The BERT model "understands" that while we used the words moving and square: - "Move your hosting" is a semantically different concept - "Box" is similar to "Square", but "Box" is not central to the request.

Now we can give the LLM the most relevant snippet, and it uses that as guidance for its own reply (also known as Retrieval Augmented Generation)

_

There is a place where fine-tuning can actually be applied in this process but it is not fine-tuning an (chat) LLM. It is completely unrelated to most mentions of fine-tuning you've heard in the last X months.

You can fine-tune BERT (a much smaller model) to get better at finding relevant snippets of your documentation. You can do this without labeled data.

*Literally give it a bag of sentences and let it go to work*: https://www.sbert.net/examples/unsupervised_learning/TSDAE/R...

TSDAE doesn't really perform that well on wide domains, but it works well here the documents have both information, and what that information is for (think code documentation with examples vs wikipedia which is just raw information). It also only takes 1k sentences to start, you could find a bunch of random documentation sites on Github and feed them in.

I don’t think you fully understand the scope of this project. Your thinking and arguments are limited by your understanding of what all is possible with these models.

This repository argues that LLMs can be used for more applications beyond just chat, and QnA. Based on our experimental findings (which you would have found if you had the time to go through the README under any model folder), you can see LLMs do classification tasks really well under low data situations. For 99% of startup who don’t have the luxury of holding thousands of annotated samples like FAANG, LLMs provide a good alternative to get started with few annotated samples. At the end of the day, these models are based on attention transformer architecture.

I would be curious to see some quantitative backing of your statements and not just links to huggingface’s website & conjectures.

And btw, the entire ecosystem is trying to answer a lot of these questions because we are still early to predict anything. And here you are claiming they are absolutely non-sensical for 99% of companies.

Btw did you know that a lot of companies cannot use third-party APIs because of sensitive customer data? For them, having self-hosted models is a good alternative to have. And with the likes of Llama2 and Falcon closing the performance gap, the idea of self-hosted models for tasks beyond chat does not seem far-fetched.

This is interesting and I want to investigate using it for training templates.

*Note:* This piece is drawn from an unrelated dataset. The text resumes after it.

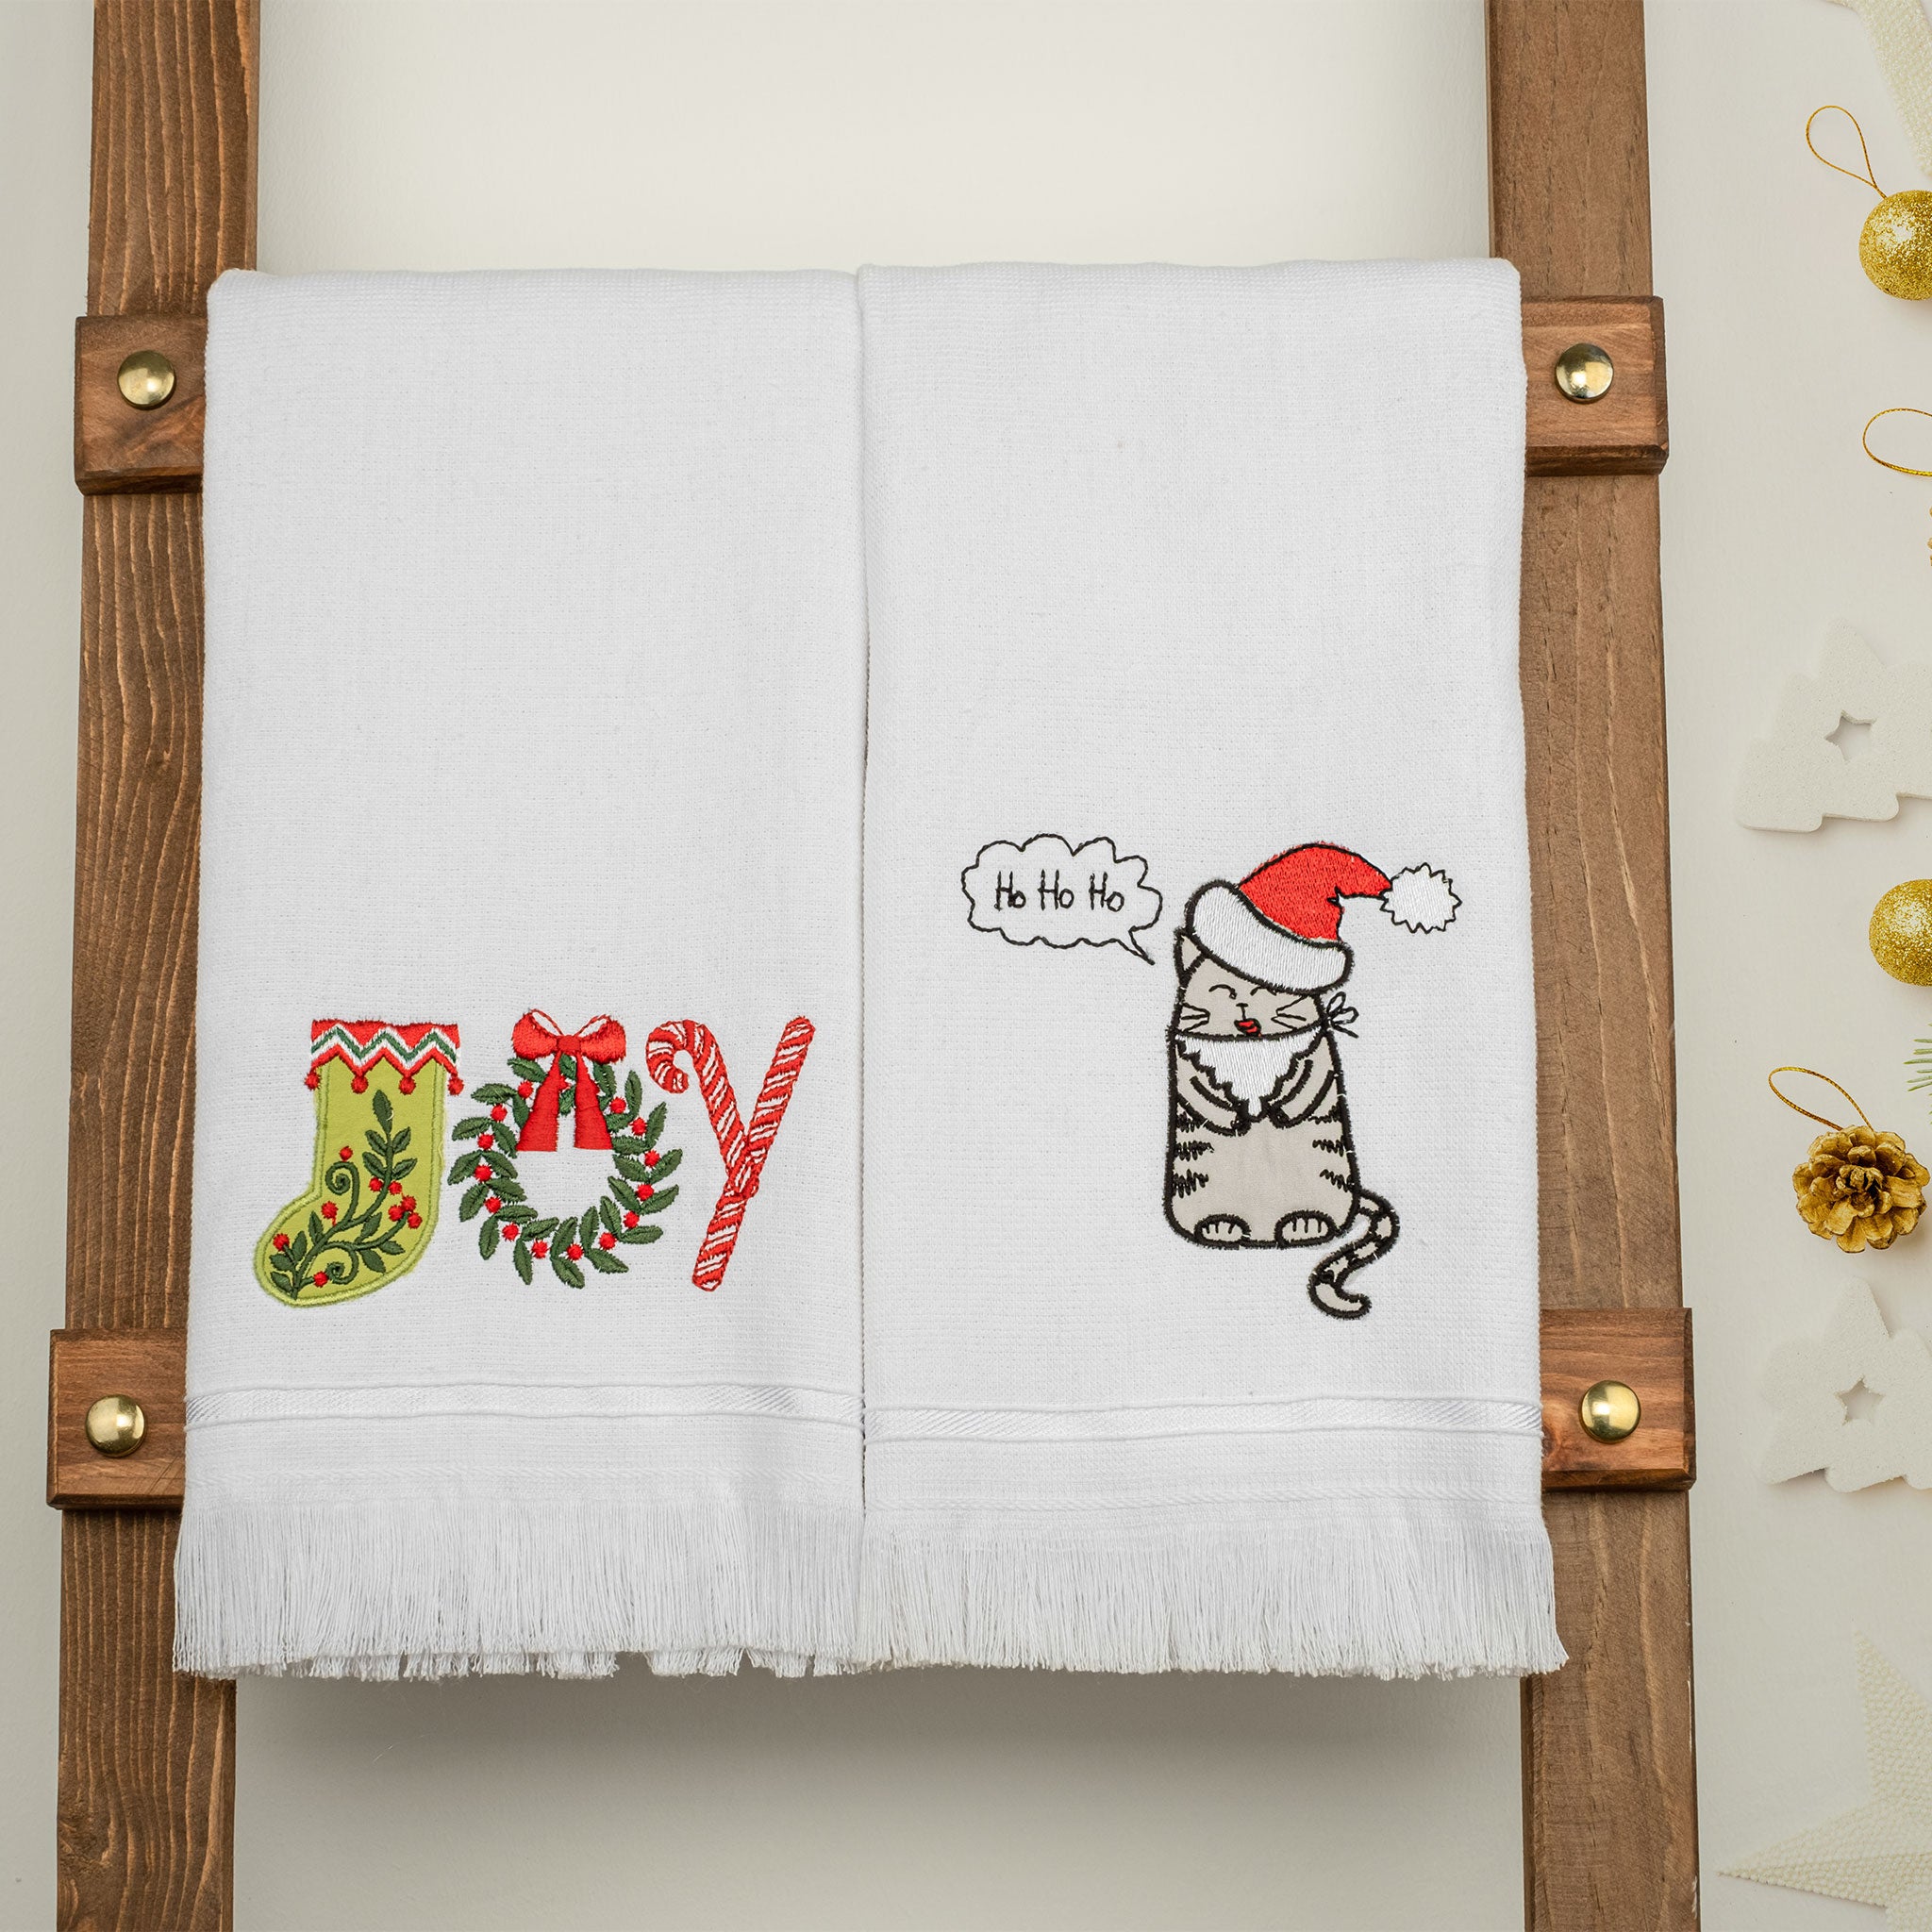  American Soft Linen - Christmas Towels Set 2 Packed Embroidered Turkish Cotton Hand Towels - Joy Cat - 5

I'm working on a couple of projects, one of which starts and manages GPU backed instances on Google Cloud: https://github.com/FeatureBaseDB/Laminoid

This is a very common use-case, and other users have mentioned this as well. We have taken this feedback, and will move fast to add instructions on how to leverage these models on custom-datasets and custom prompts. Stay tuned!
Thanks for putting this project together. How does your project differ from similar ones? (looked at the main repo)
Thanks a ton! And that’s a great question!

Before starting this project, I realised that while there are a ton of resources that talk about using these models for chat inference and QnA over documents — no one did a good job of stress-testing them on sample complexity.

We all know that LLMs have the power of generalisability but how do they actually compare to the likes of BERT and Distilbert that have become household names in the world of NLP. Can these LLMs compare with them on tasks beyond chat? Like classification, Named entity recognition, etc?

If you go over to a model folder, let’s say Flan or Falcon, you will notice that the README has a rich documentation of our research findings. This, I guarantee you, you won’t find anywhere else. Additionally, the inference section has a good study of how these models fare when the number of requests go up, and the associated costs.

I will end by saying that a lot of people and repositories are just riding the wave of the buzz surrounding LLMs without answering a lot of questions that data scientists and ML engineers actually have. And those questions (4 pillars of evaluation framework) are necessary to answer for enterprises to build software. Not just slap together a chat interface, and then calling a revolutionary product.